Conceptual Framework
Conceptually, the ESM method focuses on how features of instruction, the immediate learning environment, and the match between the learner and his or her environment affect engagement “at the moment of instruction.” Thus, we view the ESM method as more closely aligned with models of engagement focusing on the experience of learning (see discussion in Bempechat & Shernoff, 2012) than to models of engagement that emphasize belonging and school identification writ large (e.g., Finn, 1989; Voelkl, 1997). Referencing Newmann et al.’s (1992) classic model of engagement, we might, oversimplifying somewhat, argue that the ESM approach is better tailored to studying the effects of authentic work than the effects of school membership.
Even taking its conceptual frame as given, the ESM measurement approach is not perfect; it suffers from all the typical survey challenges (Desimone & Le Floch, 2004; Tourangeau, 1984), as well as some specific to the study of engagement. As a self-report measure from students, ESM readily captures the affective and phenomenological aspects of engagement, but the opposite is true for teachers who observe students’ effortful behavior but can only infer interest, enjoyment, so on. There is even some conceptual lack of clarity in this line of research; it is not clear whether the measured subdomains of interest, concentration, and enjoyment reflect a student’s underlying engagement or collectively constitute engagement. 2 Additionally, when used in-class, there is a certain amount of disruption involved in stopping to provide a self-report of one’s engagement. Finally, adolescents and teenagers might be mischievous in responding (Robinson-Cimpian, 2014).
An ESM style system can be readily adapted for use by teachers. Teachers, active in evaluating student engagement (Harris, 2011; Valli, 1997), can provide an estimate of student engagement that is grounded in effortful behavior, as opposed to the affective understanding students estimate about their own levels of engagement. Furthermore, class is very rarely disrupted by a teacher version of this report as teachers can complete short surveys in-between periods or later in the day instead of during class, addressing pragmatic considerations. The fundamental sources of error in survey responses will still be present (e.g., teacher to teacher differences in interpretations of response categories), but we might also expect much less mischievous responding.

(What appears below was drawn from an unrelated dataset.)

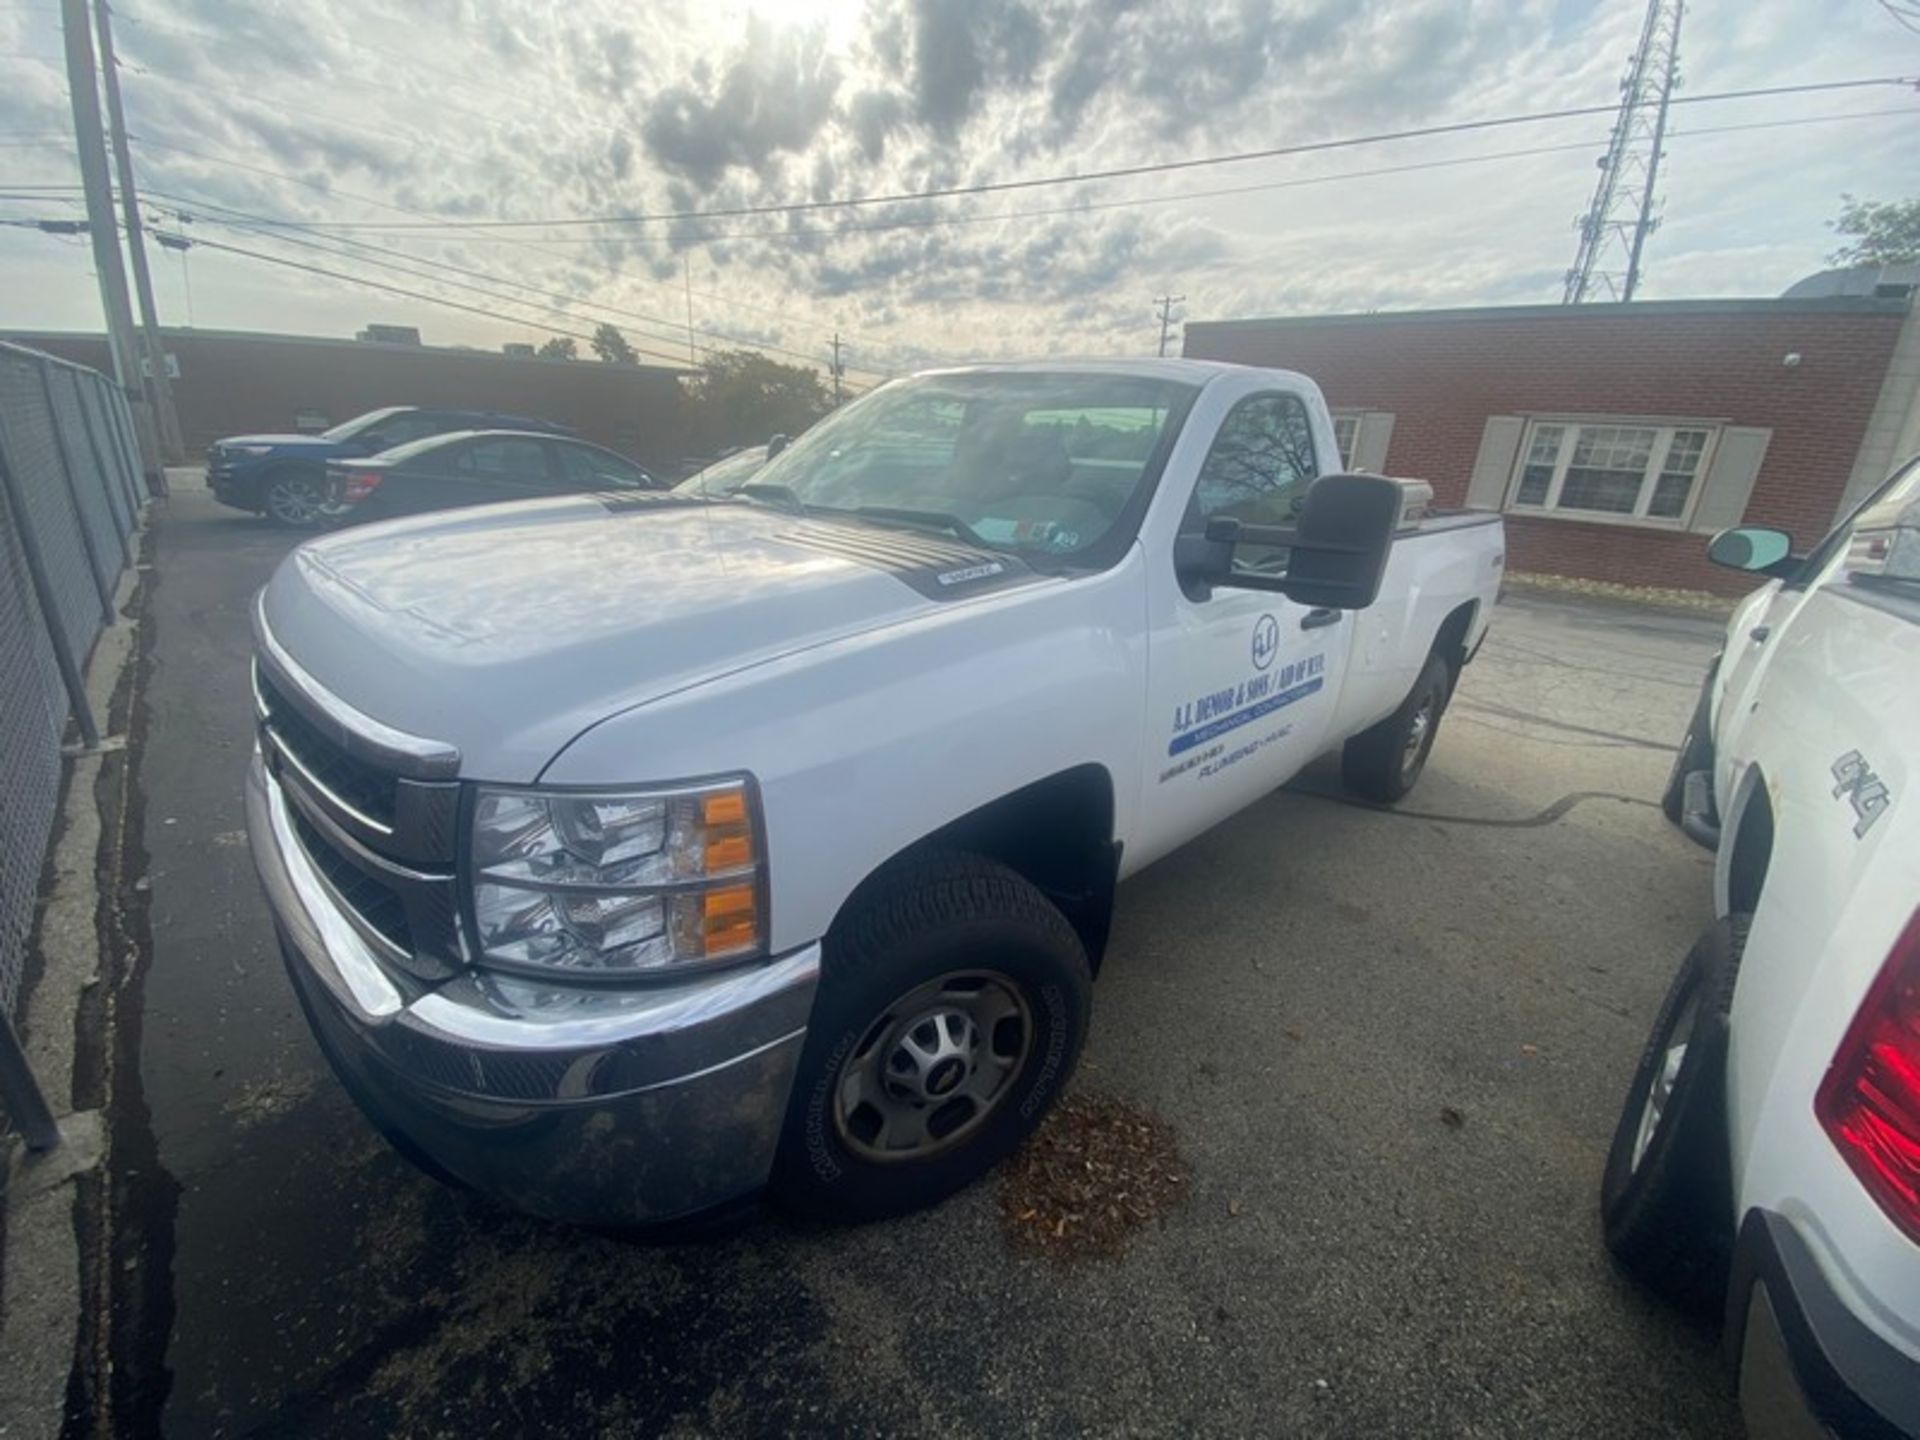 2013 Silverado 2500 HD Pick Up Truck, with Weather Guard Bed Tool Box, Model: K20903, VIN#:

Using Teacher Reports to Investigate the Relationship Between Instruction and Engagement: An Example From English Language Arts Discourse Research
Results from a study of high school English instruction in Western Pennsylvania in 2018 demonstrate a potential relationship between instruction and engagement through teacher-reported data. The study was part of a program of research to develop automated methods of teacher observation (see, e.g., Kelly et al., 2018; Stone et al., 2019) and uses the data from 16 teachers featured in Jensen et al. (2020). Observational measures of instruction were collected focusing on teacher’s discourse practices along with teacher reports of student engagement during each lesson. Teachers were instructed to record entire class periods (which yielded audio files averaging about 43 minutes in length) and were further directed to record on days that would feature substantial quantities of whole class instruction. Teachers recorded and uploaded teacher audio data, which were subsequently coded by expert human raters as well as machine-learning algorithms. They were then prompted to complete an online survey based on the featured lesson/class period. Are features of teacher discourse associated with student engagement, including use of authentic questions and other dialogic discourse practices (Nystrand & Gamoran, 1997)?
Teacher Report Items
Three items assessing the level of engagement from ESM studies were adapted for teacher reports.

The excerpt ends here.